Authentication Delegation
Because the extension server receives proxied requests (not the original client TLS certificate), it needs a way to trust the identity headers injected by kube-apiserver. This is done via delegated authentication:
extension-apiserver-authentication ConfigMap
# Contains the CA and requestheader configuration
kubectl get configmap extension-apiserver-authentication -n kube-system -o yaml
data:
client-ca-file: |
-----BEGIN CERTIFICATE-----
... (cluster CA — used to verify client certs in direct calls)
-----END CERTIFICATE-----
requestheader-allowed-names: '["front-proxy-client"]'
requestheader-client-ca-file: |
-----BEGIN CERTIFICATE-----
... (front-proxy CA — used to verify kube-apiserver's proxy cert)
-----END CERTIFICATE-----
requestheader-extra-headers-prefix: '["X-Remote-Extra-"]'
requestheader-group-headers: '["X-Remote-Group"]'
requestheader-username-headers: '["X-Remote-User"]'
The extension server uses this ConfigMap to:
- Verify that the proxying entity (kube-apiserver) presents a TLS certificate signed by the requestheader-client-ca.
- Only trust the identity headers (
X-Remote-User,X-Remote-Group) when the proxy's certificate CN matchesrequestheader-allowed-names. - For direct calls (without a proxy), verify the client cert against
client-ca-file.
X-Remote-User without verifying the request came from a trusted proxy is vulnerable to impersonation. Any client with network access to the extension server pod could set arbitrary headers and bypass authentication entirely.
Authorization Delegation
Extension servers delegate authorization back to kube-apiserver via the SubjectAccessReview API:
// Extension server delegates authz to kube-apiserver
sar := &authorizationv1.SubjectAccessReview{
Spec: authorizationv1.SubjectAccessReviewSpec{
User: r.Header.Get("X-Remote-User"),
Groups: strings.Split(r.Header.Get("X-Remote-Group"), ","),
ResourceAttributes: &authorizationv1.ResourceAttributes{
Namespace: "default",
Verb: "get",
Group: "metrics.k8s.io",
Resource: "nodes",
},
},
}
result, err := k8sClient.AuthorizationV1().SubjectAccessReviews().Create(ctx, sar, metav1.CreateOptions{})
if !result.Status.Allowed {
http.Error(w, "Forbidden", http.StatusForbidden)
return
}
This means RBAC rules written for the aggregated API group are evaluated by kube-apiserver's authorizer, not the extension server. The extension server just asks kube-apiserver "is this user allowed to do X?"
Building an Aggregated API Server
The apiserver-builder (now superseded by apiserver-runtime) and the reference implementation in k8s.io/apiserver provide a framework for building extension servers. The extension server is effectively a small kube-apiserver for your own API group, sharing most of the same machinery.
Core Libraries
| Library | Purpose |
|---|---|
k8s.io/apiserver/pkg/server | Generic API server framework — HTTP server, request pipeline, audit, authentication delegation |
k8s.io/apiserver/pkg/registry | REST storage interfaces — rest.Storage, rest.Getter, rest.Creater, etc. |
k8s.io/apiserver/pkg/admission | Admission framework for the extension server's own admission plugins |
k8s.io/apiserver/plugin/pkg/authenticator | Delegated authentication implementation reading from extension-apiserver-authentication |
k8s.io/apiserver/plugin/pkg/authorizer/webhook | Delegated authorization via SubjectAccessReview |
sigs.k8s.io/apiserver-runtime | Higher-level framework — builder pattern, auto-generates boilerplate |
Minimal Extension Server Skeleton
package main
import (
"k8s.io/apiserver/pkg/server"
"k8s.io/apiserver/pkg/server/options"
genericapiserver "k8s.io/apiserver/pkg/server"
)
func main() {
// Standard recommended options (etcd, security, audit, features)

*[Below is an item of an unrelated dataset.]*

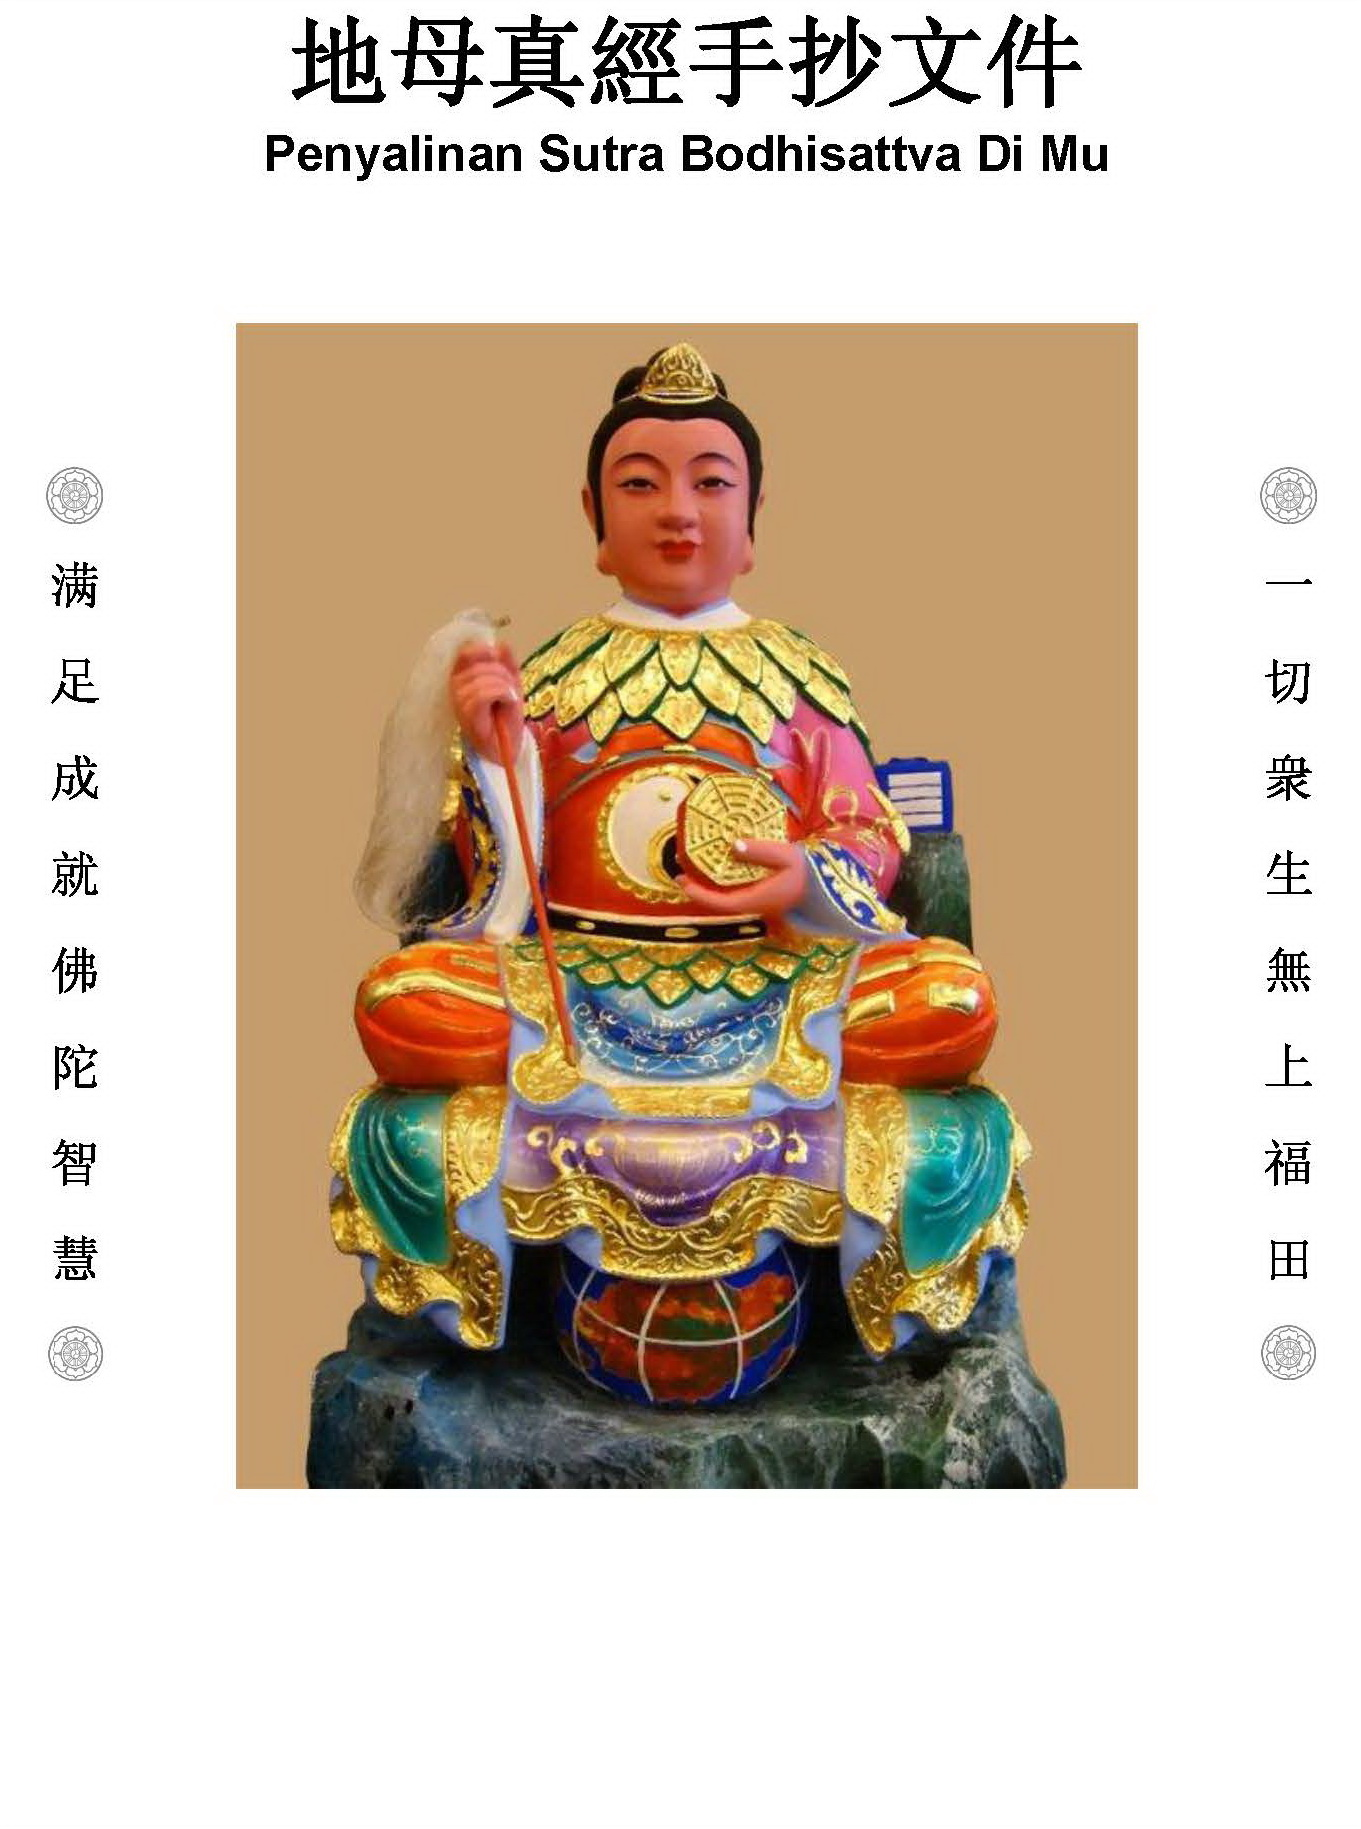 salin sutra bodhisattva dimu Penyalinan Sutra

recommended := options.NewRecommendedOptions("registry", Codecs.LegacyCodec(SchemeGroupVersion))
recommended.Etcd.StorageConfig.EncodeVersioner = ...
recommended.SecureServing.BindPort = 6443
// Build server config from options
config, err := recommended.Config(Scheme, Codecs)
if err != nil { panic(err) }
// Create the generic API server
genericServer, err := config.Complete().New("my-extension-server", genericapiserver.NewEmptyDelegate())
if err != nil { panic(err) }
// Install API groups
apiGroupInfo := genericapiserver.NewDefaultAPIGroupInfo(GroupName, Scheme, metav1.ParameterCodec, Codecs)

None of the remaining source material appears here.